The wait for the Rattan Tata’s Rs 1-lakh car is going to be over soon. Many auto-enthusiasts have been eagerly waiting for the car for various reasons. In January 2008, they will be able to see and perhaps test-drive it. Most of the queries and worries about the concept too will come to end with it. The car will get exhibited for the first time to the general public in Auto Expo 2008 in New Delhi. The car will get its name, perhaps before the exhibition itself.
As reported, it will be a safe and full car with due consideration for the taste and pocket of the consumers and Indian roads. Tata and his engineers have done a great job to take up such a challenging job to work under the constraints of cost for the target price. And with available information, it appears they have succeeded. If the car driving people in India accept it enthusiastically, it will set a benchmark as a product and also for the business management for the auto industry globally.
If it wouldn’t have been a viable project, a person such as Carlos Ghosn would not have asked the engineers of Renault Nissan to develop a similar car for its proposed venture with Bajaj Auto.
Why is then the old Japanese pioneer of small cars, Osamu Suzuki has gone on talking against the project right from the time when Tata first announced it? It is but sure that the Japanese don’t want any Indian company to go ahead of them with such an innovative product as Rs 1 lakh car. Perhaps even the idea of an Indian company taking a lead in car manufacturing is something difficult to digest for them. Though Japanese have pioneered many tools and techniques for the product development, quality engineering and management, why can’t they appreciate that the Indians might have learnt and assimilated them better? After all Japanese learnt and copied everything from Americans but improved upon them to go ahead of US.

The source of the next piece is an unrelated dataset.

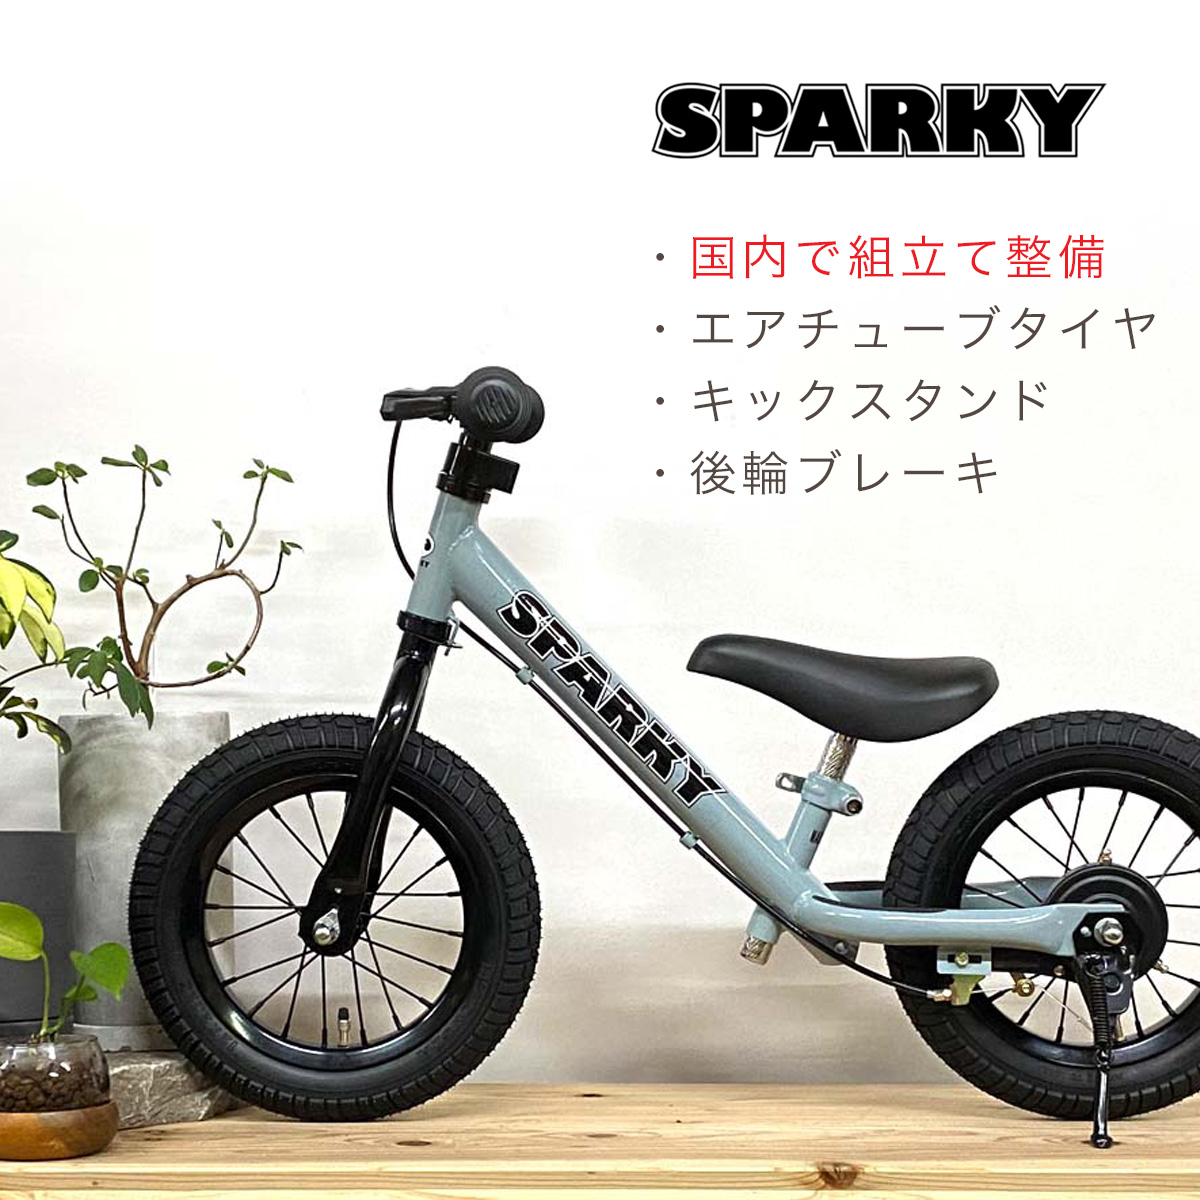 低廉 SPARKY ecru 組立 整備済み ブレーキ ゴムタイヤ スタンド 装備 スパーキー おしゃれ キックバイク バランスバイク iimo ファー ストライダー
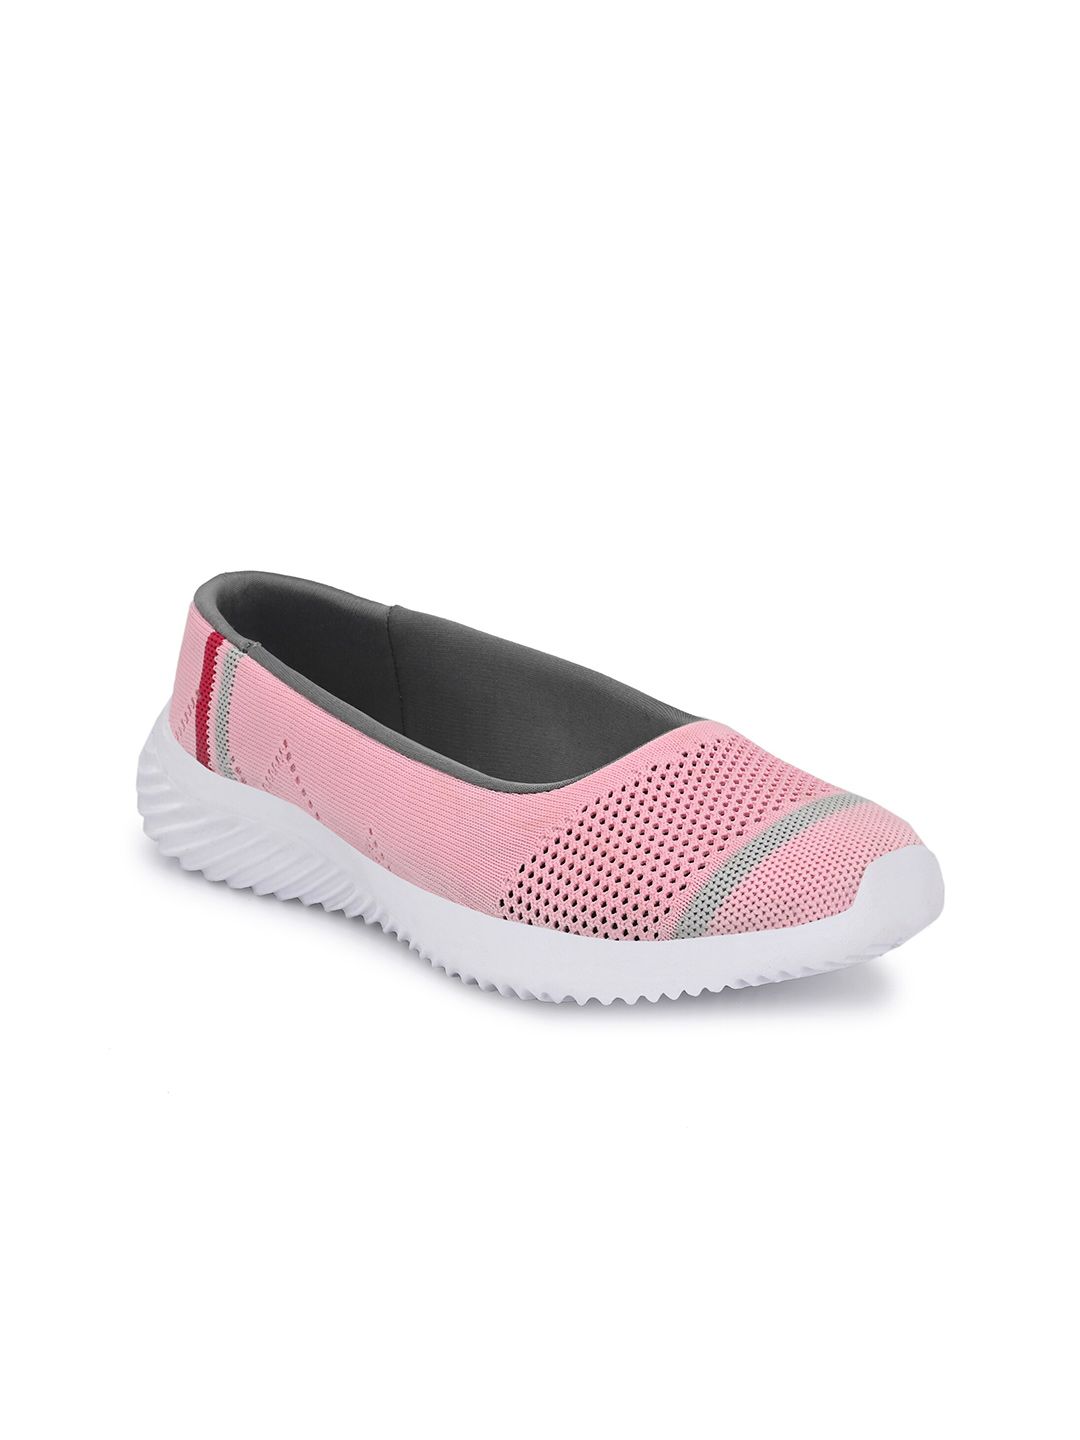 Yuuki Women Pink Mesh Walking Non-Marking Shoes Price in India

The recent remarks of Suzuki on Tata’s Rs 1 lakh car were astonishing. “We don’t know the details about the $3000. Is it the part cost? Is it the retail cost? We don’t know about the safety norms, carbon dioxide or environmental performance of this car. Does it include air bags?” Until these things were clear, he said, it was difficult to comment on how Maruti would deal with the competition from the new car. “In case there is sacrifice on safety and emission norms, the manufacturer does not truly shoulder the responsibility of an auto manufacturer.” Should Mr.Tata would have gone to the old man and given him all the cost figures and sought his blessings?
Even if the Tata Motors spokesperson would not have commented on Suzuki’e remarks saying that the company was conscious of its responsibilities, should Suzuki assume that an established auto manufacturer such as Tata Motors doesn’t understand the social responsibility and put in production a product that doesn’t meet the mandatory requirements and competitive specifications besides providing the pride of ownership to the buyers? “As an auto manufacturer for over 60 years, Tata Motors is conscious of its responsibilities, and all its vehicles have met all the norms and regulations of the countries where they are marketed,” the Tata’s spokesperson said.
When Suzuki was coming in India with its Maruti 800 in early 80s, the then auto manufacturers also had similar apprehensions and kept on thinking in the same manner. And then Maruti Udyoga made a history. Suzuki succeeded in India, though it had not been able to do that in any other country.
For Mr. Suzuki to make such remarks against an established manufacturer and that to when the car is going to be launched soon is unethical. Either Suzuki is talking because of his psychological complex in mind or he is trying to hold his forte till end. A couple of years ago, Mr. Suzuki, the chief of Suzuki Motors had doubted the very feasibility of such a car and wondered if the product would be a three-wheeler.
Can I believe that Suzuki has not got the information about his queries on Tata’s car through corporate intelligence system? Why does he underrate the capability of Indian engineers and managers, when he himself has started working on many Suzuki’s global models from India? It is the same SMC that never agreed to indigenously manufacture even gears for the transmissions in India till very late.
Let us wait till January and the auto world will judge the reality in Suzuki’s prophecy and pass on the right opinion about Tata’s car. However, BusinessWeek has termed its Rs one-lakh car as one of the trendsetters of 2007, while naming Ratan Tata among the world’s Most Important People of the year. A journal like BusisnessWeek doesn’t do that without solid evidences and verifications in whatever way it must be doing it.
As it appears, Suzuki himself intends to get his engineers go for a car in the class of Tata’s Rs 1 lakh car. Suzuki’s queries during his press conferences in Tokyo and New Delhi are perhaps exploratory. Or I too assume as Business Week’s reporter says, “given the amount of attention that Nissan and Tata are getting for the cheap car, critics might argue Suzuki’s remarks smack of sour grapes.”